## Supplied data
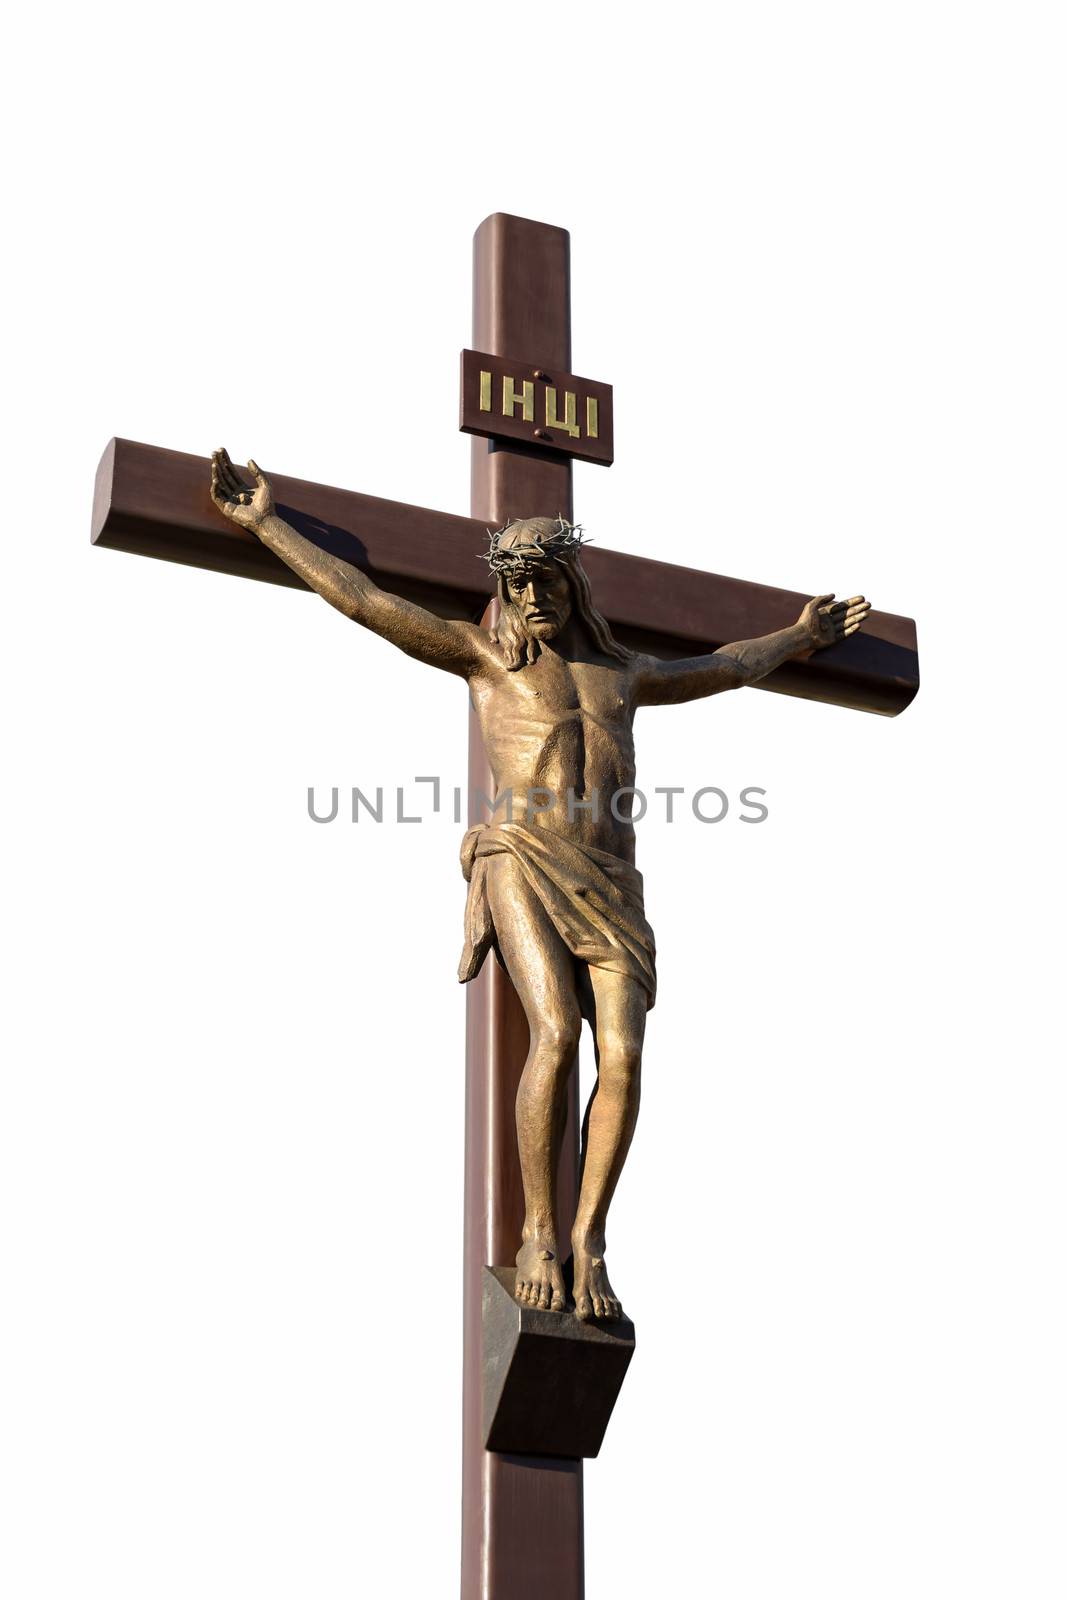 Statue of the crucifixion. Isolated on white background.
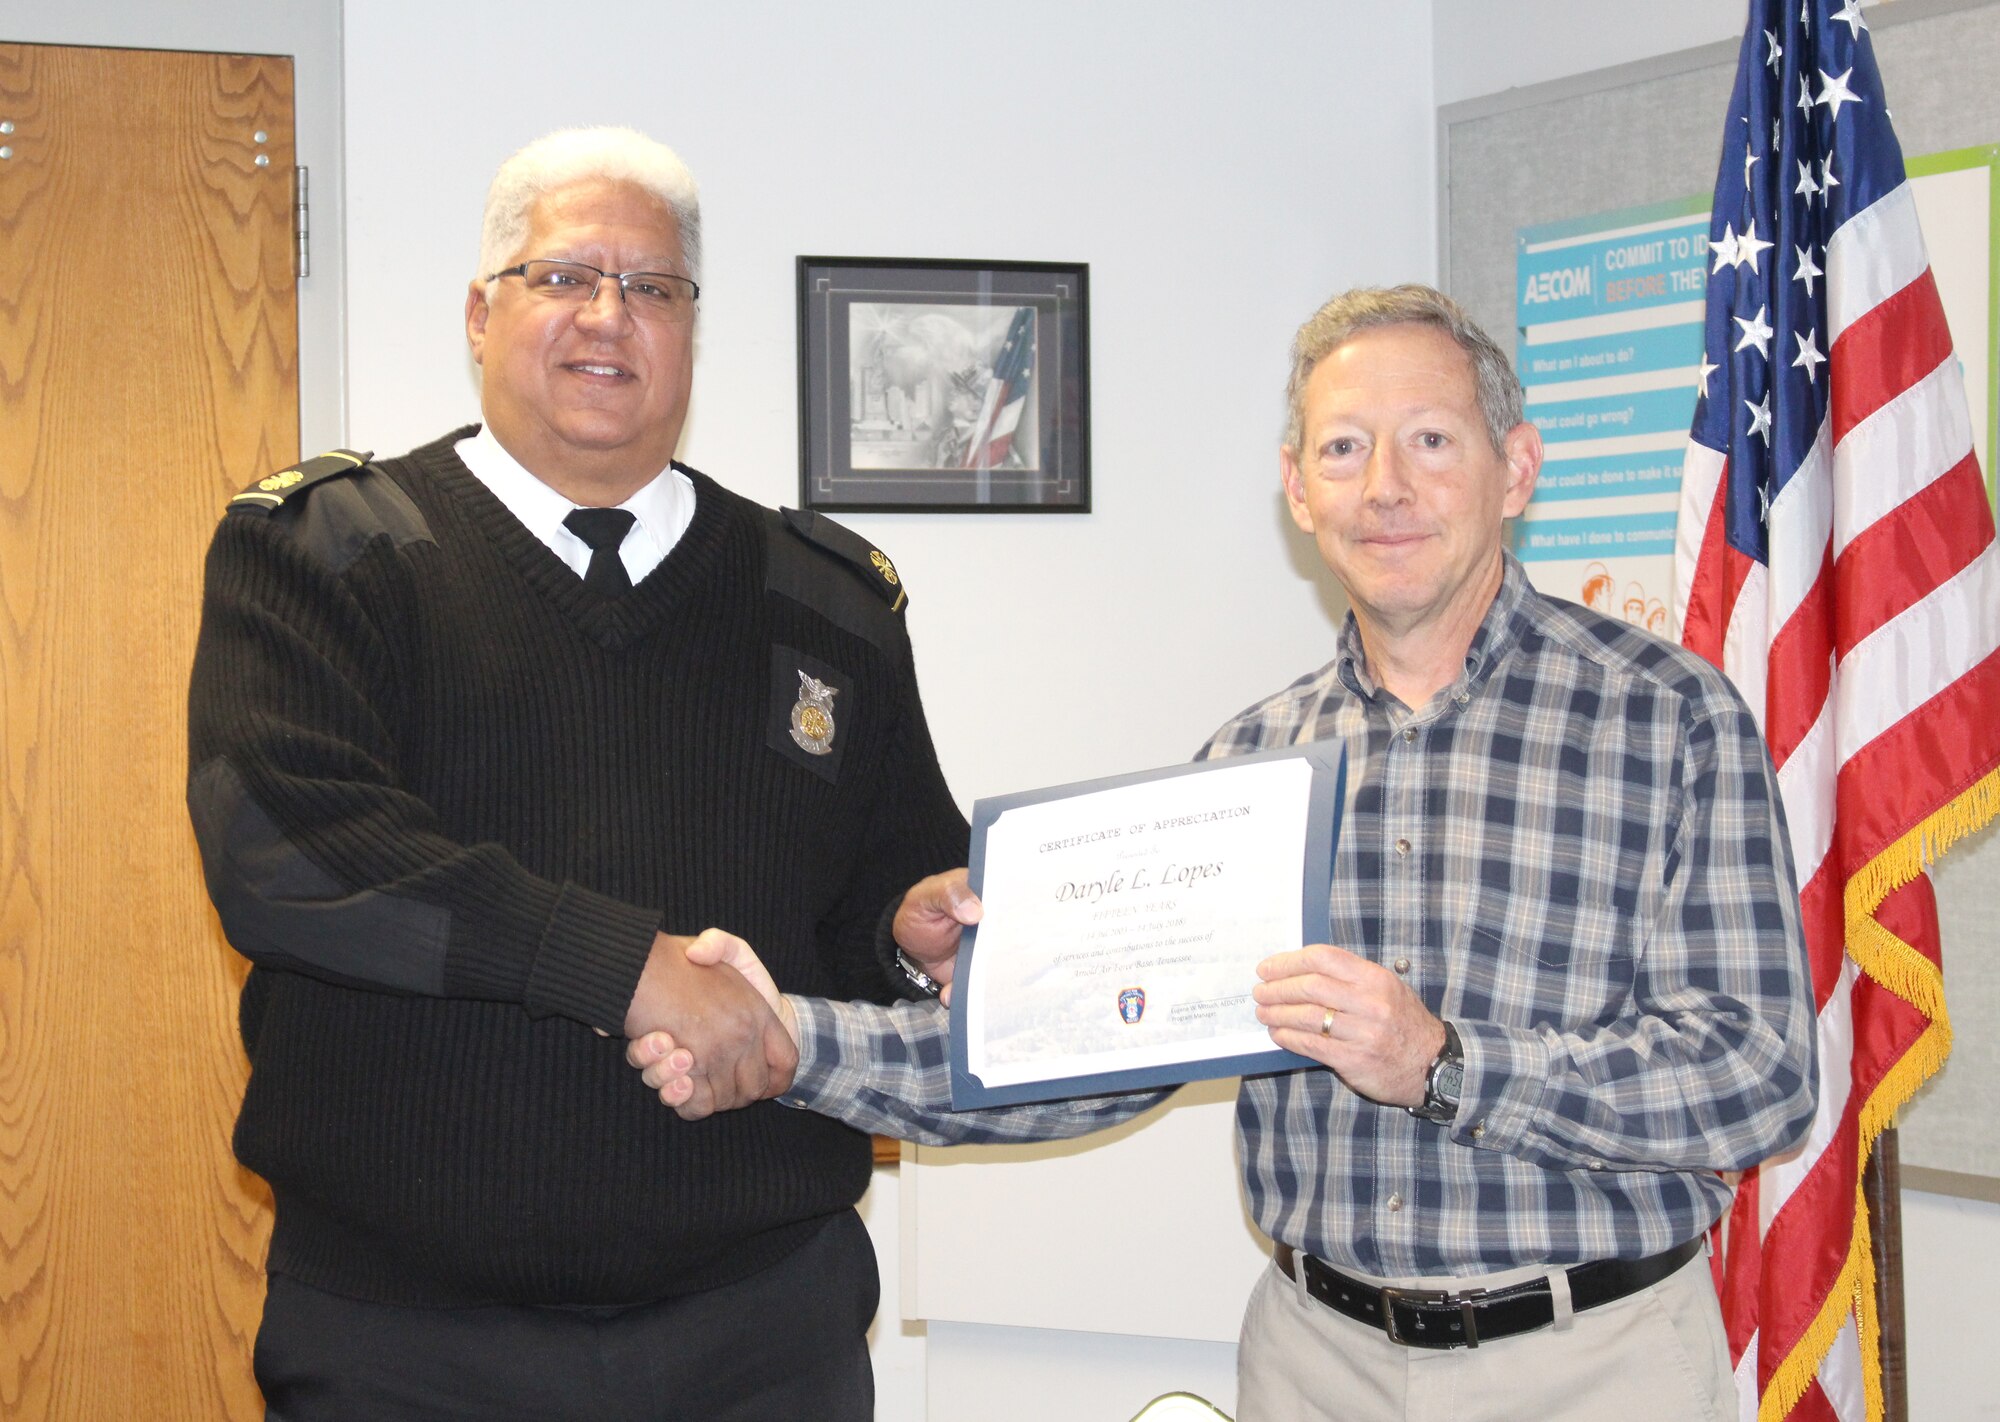 Daryle Lopes, left, chief of Arnold Fire and Emergency Services, receives a certificate recognizing his 15 years of service from Eugene Mittuch, project manager of the Facility Support Services contract at Arnold Air Force Base. (U.S. Air Force photo by Deidre Ortiz)
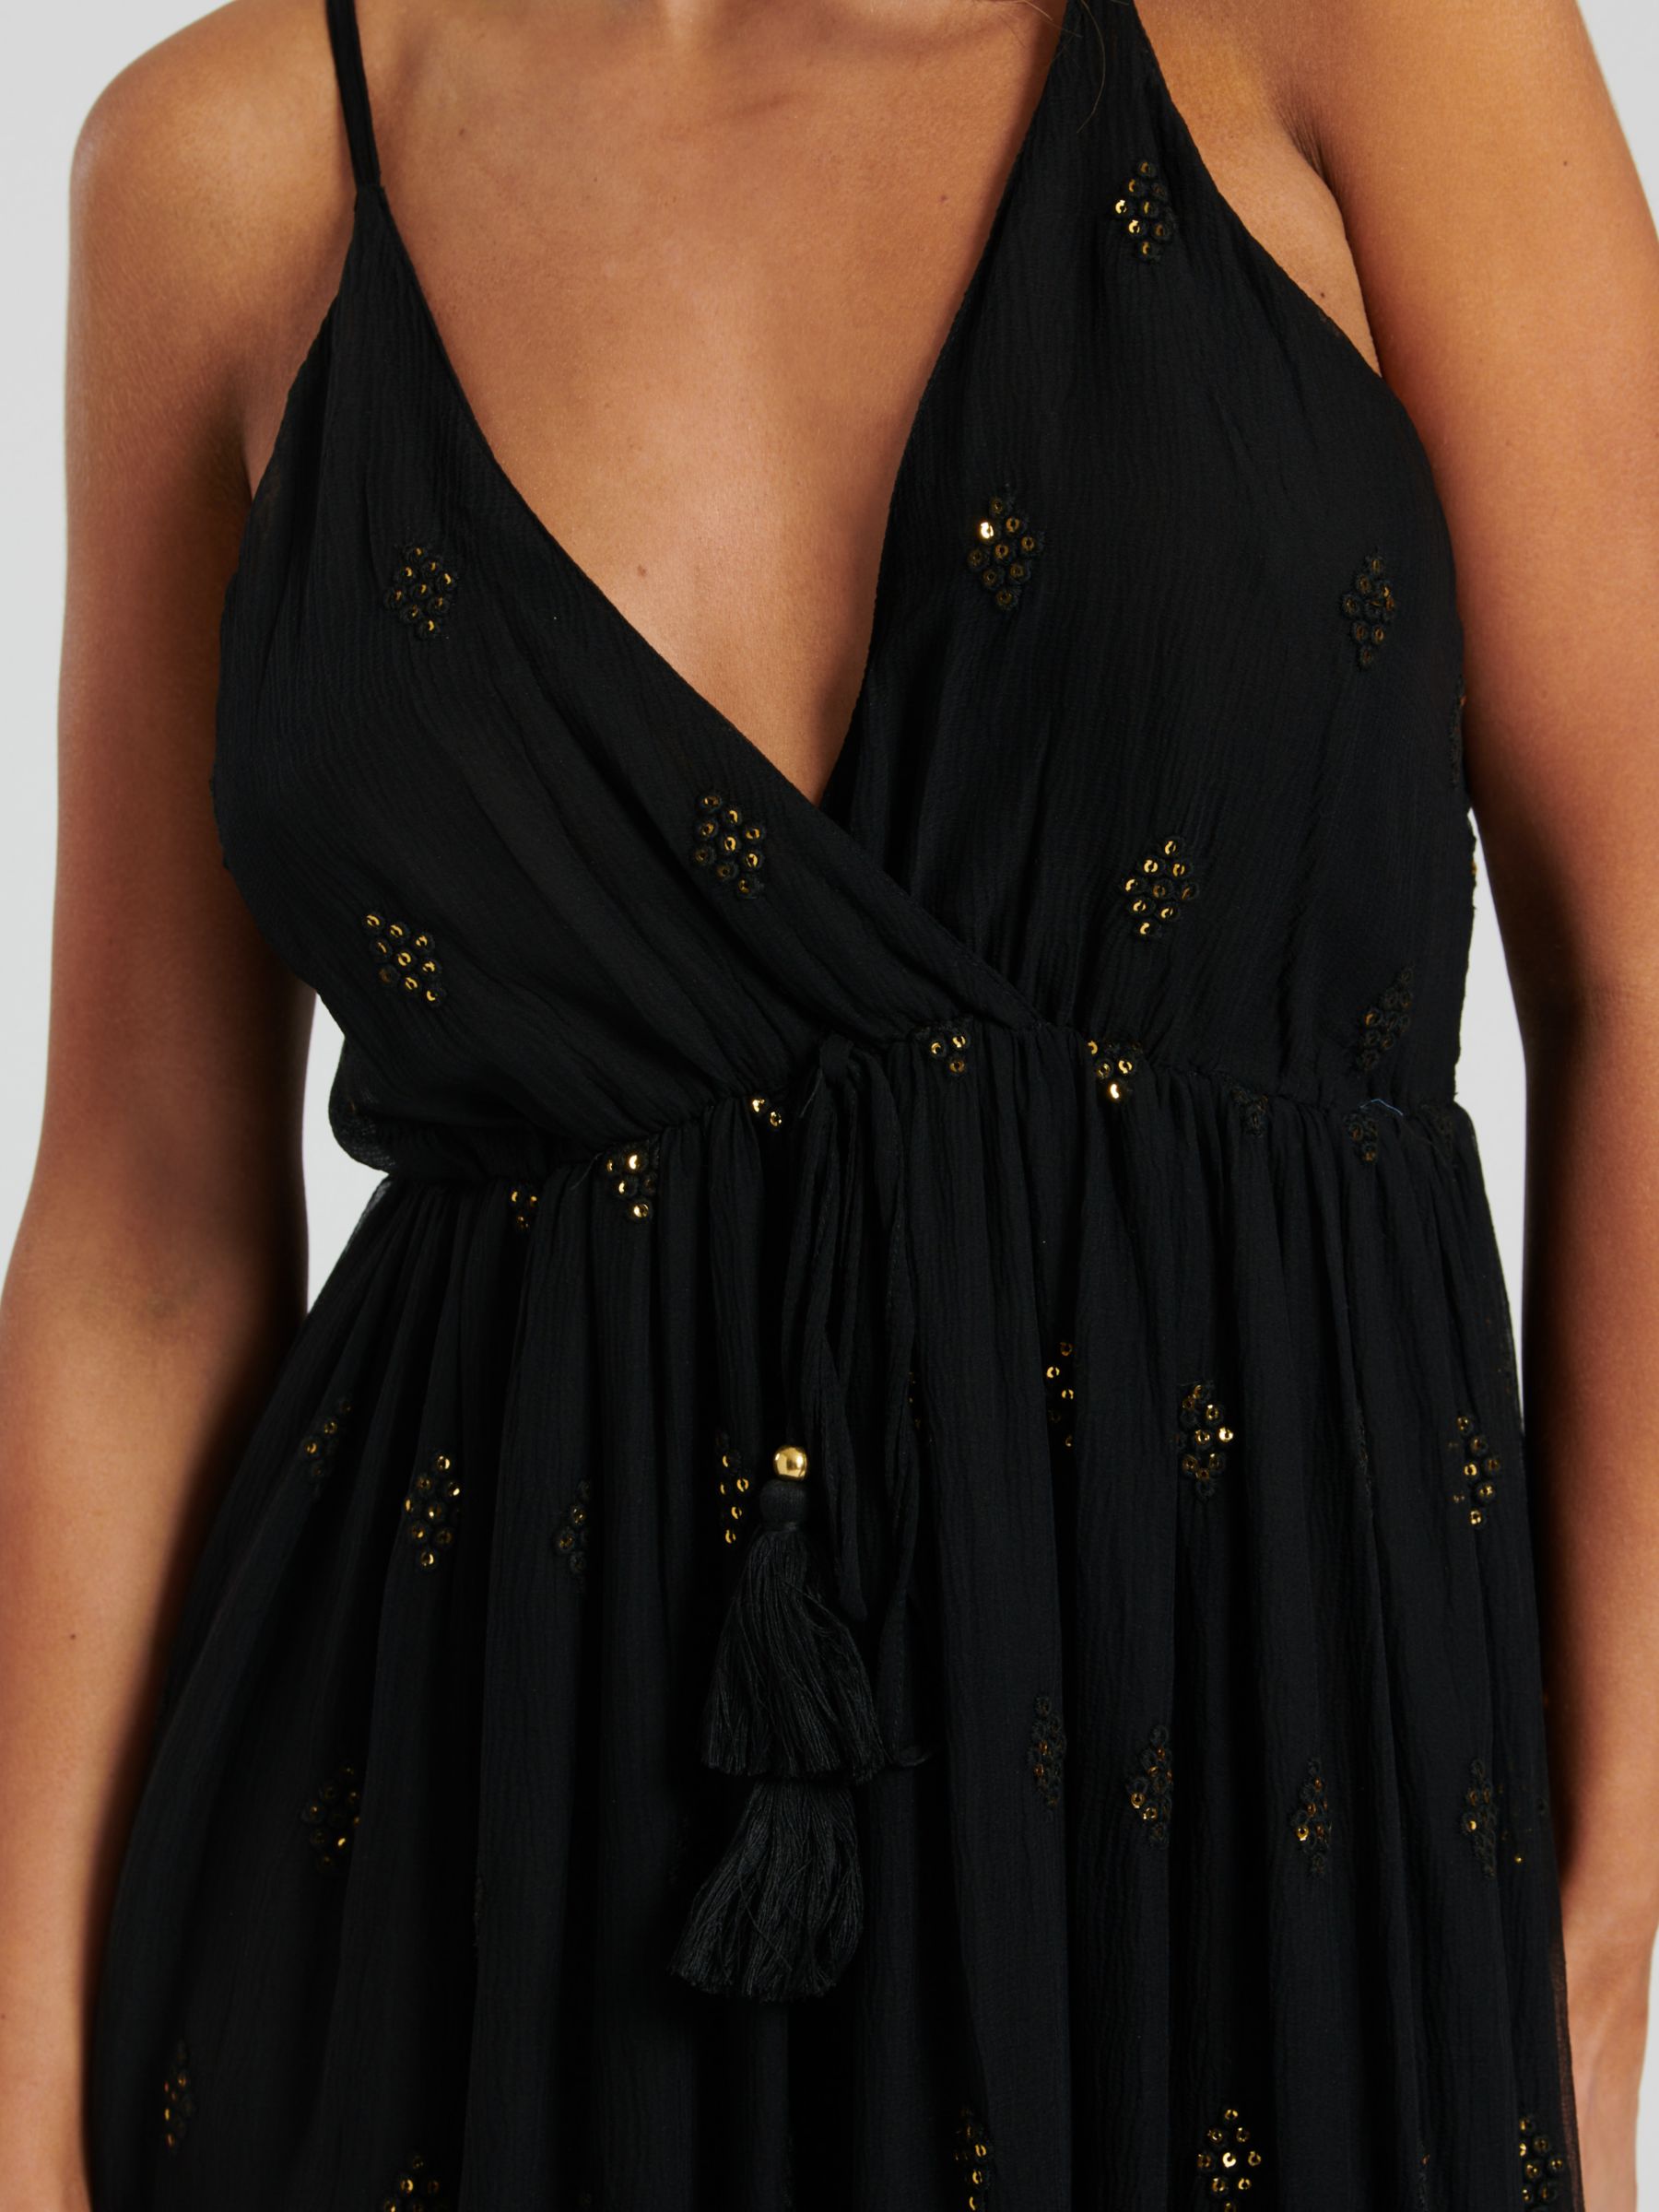 South Beach Sequin Detail Tiered Maxi Dress, Black/Gold, 8

## What to work on
Repeat the data above word for word, without pictures.

## Written answer
 Statue of the crucifixion. Isolated on white background.
 Daryle Lopes, left, chief of Arnold Fire and Emergency Services, receives a certificate recognizing his 15 years of service from Eugene Mittuch, project manager of the Facility Support Services contract at Arnold Air Force Base. (U.S. Air Force photo by Deidre Ortiz)
 South Beach Sequin Detail Tiered Maxi Dress, Black/Gold, 8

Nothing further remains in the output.